Delight in an Apple Arugula Salad With Maple Pecans that's simple yet flavorful. Perfect your salad skills with this recipe today!
Preheat the oven and get the pecans ready by tossing the whole halves with two tablespoons of maple syrup and a light pinch of sea salt so each nut is thinly, evenly glazed. Spread the pecans out on a parchment-lined baking sheet so they have room to toast and darken slightly; the syrup will caramelize and the nuts will become glossy and clustered in small groups. Bake briefly just until the sugars are bubbling and the nuts deepen in color, then remove and let them cool completely so the glaze firms and the texture turns crisp and crackly.

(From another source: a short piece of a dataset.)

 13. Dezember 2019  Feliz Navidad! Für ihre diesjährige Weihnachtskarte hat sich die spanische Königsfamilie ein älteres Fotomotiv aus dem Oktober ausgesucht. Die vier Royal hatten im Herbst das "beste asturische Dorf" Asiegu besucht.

In a small bowl or glass jug, whisk together the olive oil, maple syrup, lemon juice, Dijon mustard, cracked pepper, minced garlic, and balsamic vinegar until the mixture becomes a smooth, slightly viscous emulsion with visible ribbons of oil and flecks of mustard and pepper. Taste and season with sea salt to balance the sweet-tangy profile; the dressing should be glossy and cling lightly to a spoon, with tiny suspended droplets and minced garlic bits visible when held to the light. Keep the whisk resting on the rim of the bowl or inside the jug so the scene reads as an active prep.

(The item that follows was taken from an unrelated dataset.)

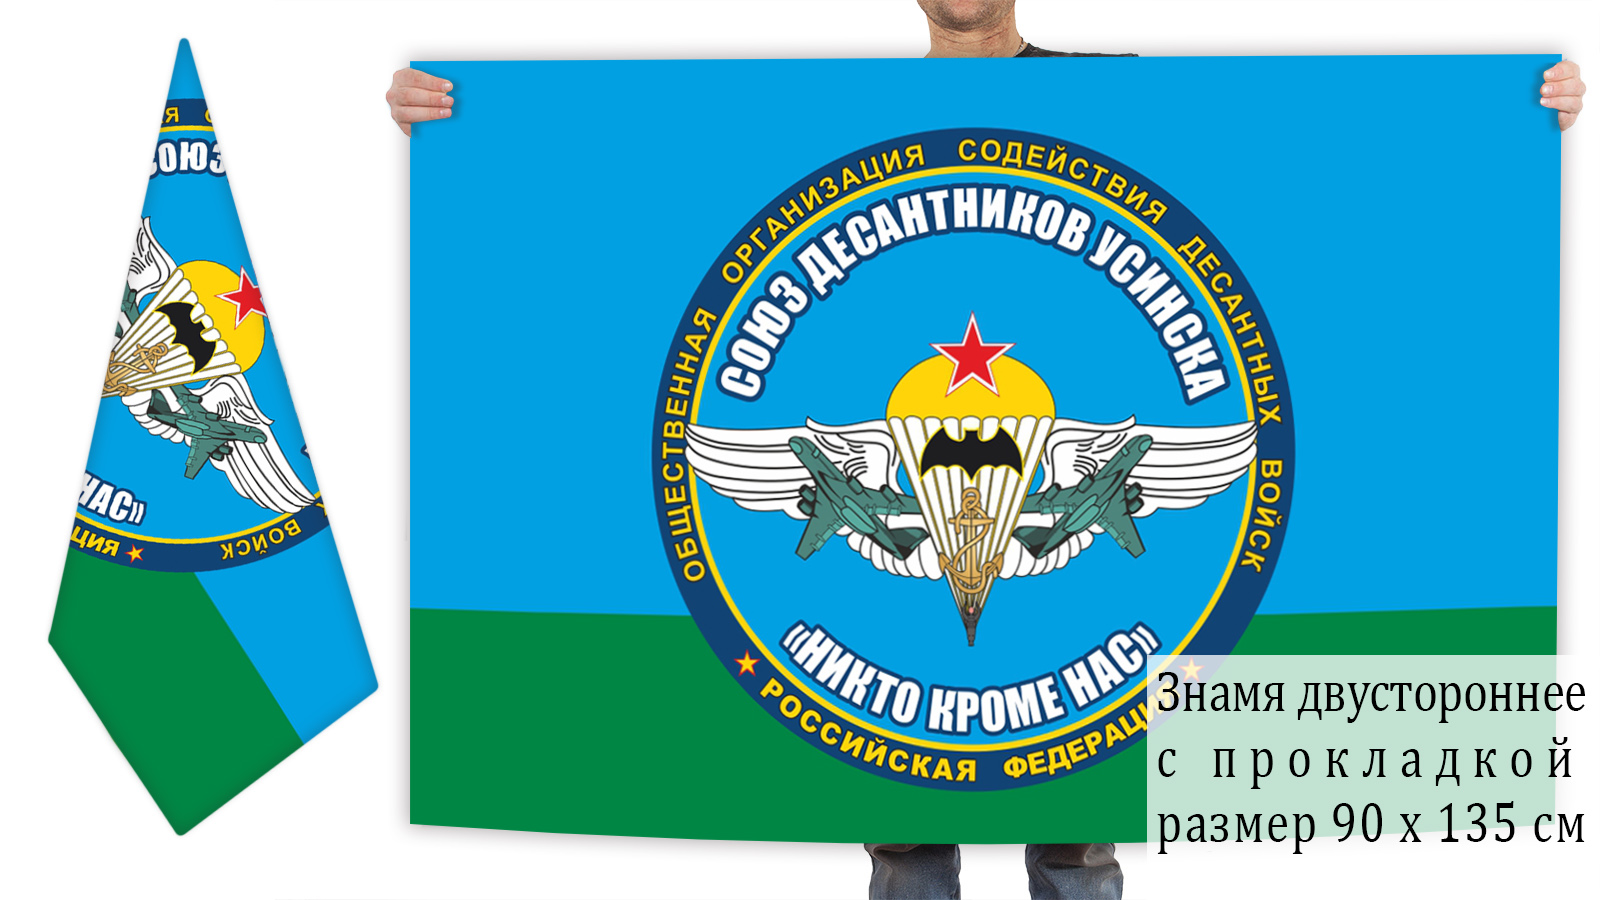 Двусторонний флаг Союза Десантников Усинска

In a large shallow salad bowl, lay down a lush bed of peppery arugula, then artfully arrange the very thin apple slices so their ruby skins and pale flesh fan across the greens. Scatter thin red onion rings and chopped figs between the leaves, and sprinkle creamy goat cheese crumbles for pops of soft white contrast. Add the cooled maple-glazed pecans on top, their amber sheen and crackly texture visible. Drizzle about half of the prepared dressing over the salad and toss gently so some leaves and apple edges pick up a light glaze while other pieces remain pristine—this creates that inviting mix of glistening and matte textures, ready to serve.